Teologia e espiritualidade da celebração
− Resumo sobre a compreensão e a celebração da eucaristia na primeira comunidade cristã a partir da
descrição que nos fizeram At, Lc 24 e 1Cor.
a) A Eucaristia é celebrada dentro do contexto da vida eclesial.
Alguém é incorporado à comunidade por meio dos passos da iniciação (pregação, conversão, fé,
batismo) e começa a viver a vida desta comunidade. Mas no meio desta vida comunitária: a catequese,
a vida fraterna e o espírito de missão no meio da sociedade. Dentro desta vivência se celebra, como
momento de destaque, no primeiro dia da semana, a Eucaristia.
b) Celebra-se com simplicidade e alegria, num clima de louvor a Deus.

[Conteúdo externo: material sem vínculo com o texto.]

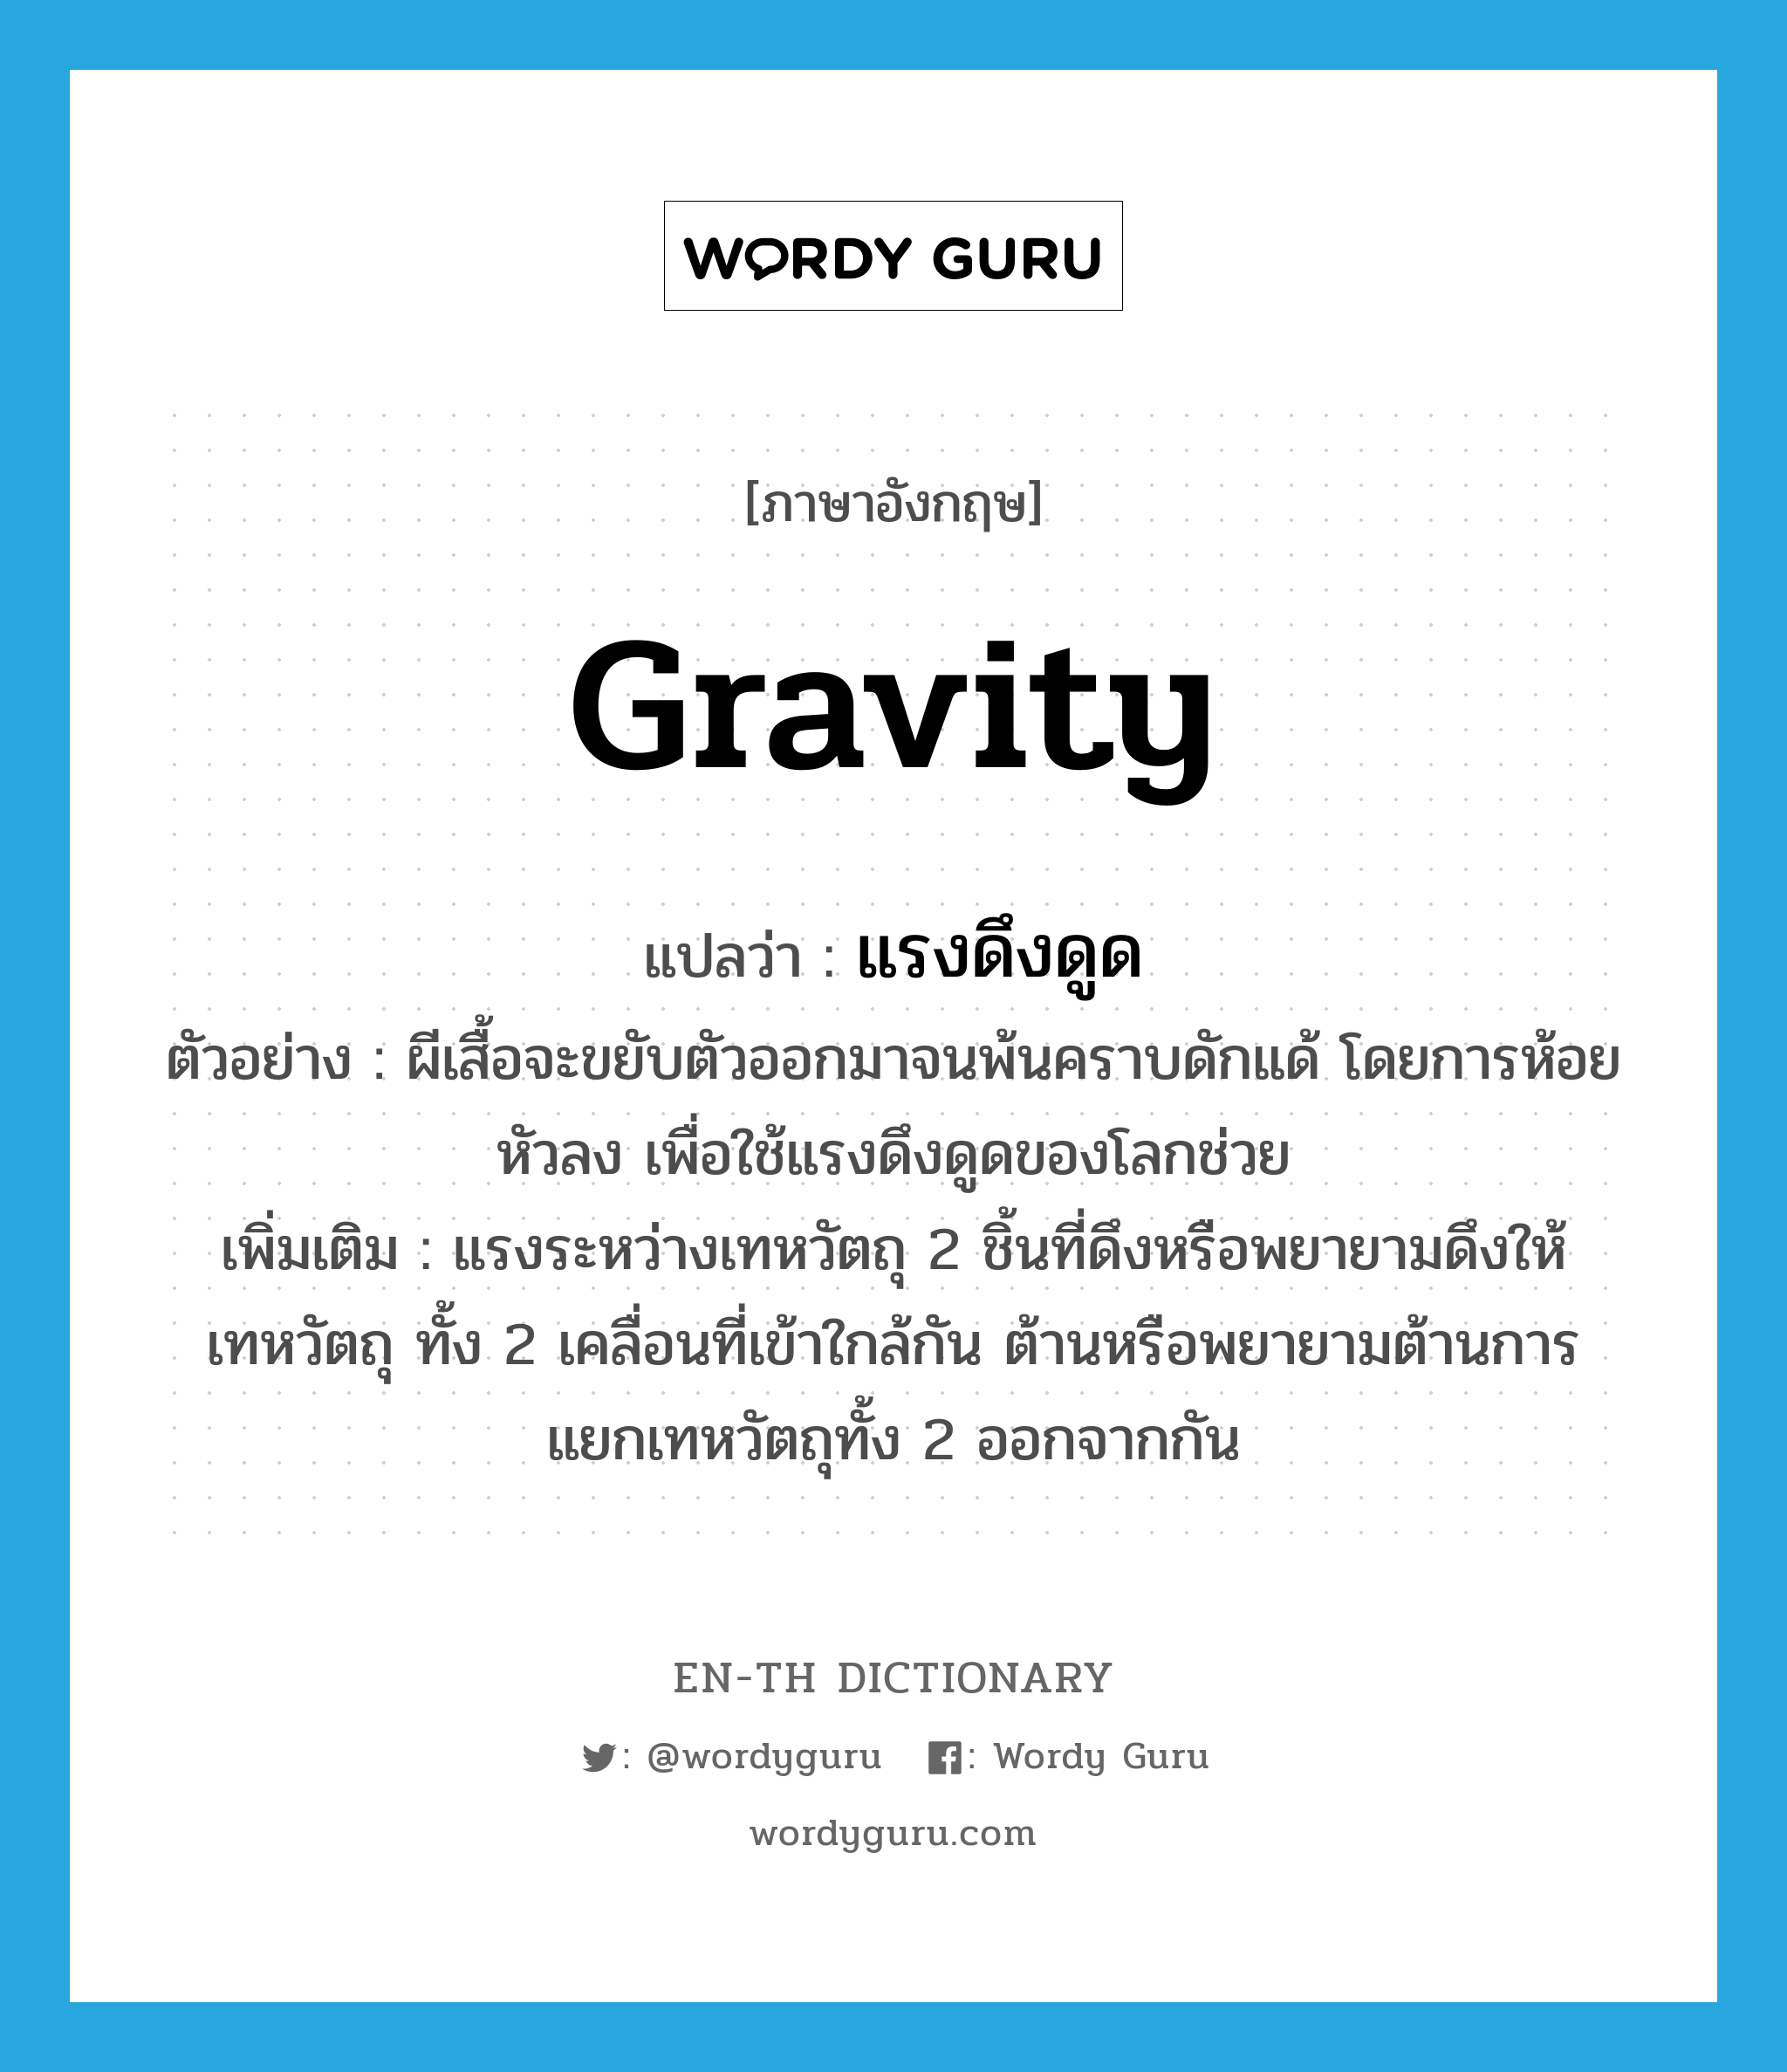 gravity แปลว่า?, คำศัพท์ภาษาอังกฤษ gravity แปลว่า แรงดึงดูด ประเภท N ตัวอย่าง ผีเสื้อจะขยับตัวออกมาจนพ้นคราบดักแด้ โดยการห้อยหัวลง เพื่อใช้แรงดึงดูดของโลกช่วย เพิ่มเติม แรงระหว่างเทหวัตถุ 2 ชิ้นที่ดึงหรือพยายามดึงให้เทหวัตถุ ทั้ง 2 เคลื่อนที่เข้าใกล้กัน ต้านหรือพยายามต้านการแยกเทหวัตถุทั้ง 2 ออกจากกัน หมวด N

At 2,46-47: "alegria", "simplicidade de coração" "e louvor a Deus".
O traço que mais se destaca, é a alegria: uma alegria cúltica, religiosa, de alguém que se sente diante
de Deus e o louva pela salvação que Ele realizou.
Numa comunidade humana, a refeição sempre é motivo de alegria. A imagem da alimentação
exprime: a alegria escatológica e a comunhão salvadora com Deus.
c) Dimensão escatológica da espera da volta do Senhor.
A expressão "maranatha" que aparece no N.T. e depois na "Didaché" 10,6 parece significar sempre
uma reunião cúltica da comunidade. 1Cor 16,22 e Ap 22,20.
É uma atitude de alegre espera que não se relacione necessariamente com a volta do Senhor, mas
como a compreensão escatológica e definitiva da vinda do Messias que experimentaram com a
comunhão: A Eucaristia oferece a melhor experiência sacramental da presença do Senhor
Escatológico.
d) A ideia central é a presença do Senhor ressuscitado no meio dos seus precisamente no contexto
da Eucaristia. O Kyrios ressuscitado se torna presente à sua comunidade principalmente na
Eucaristia, como salvador, como libertador da morte, como aquele que enche de consolo e dá a vida.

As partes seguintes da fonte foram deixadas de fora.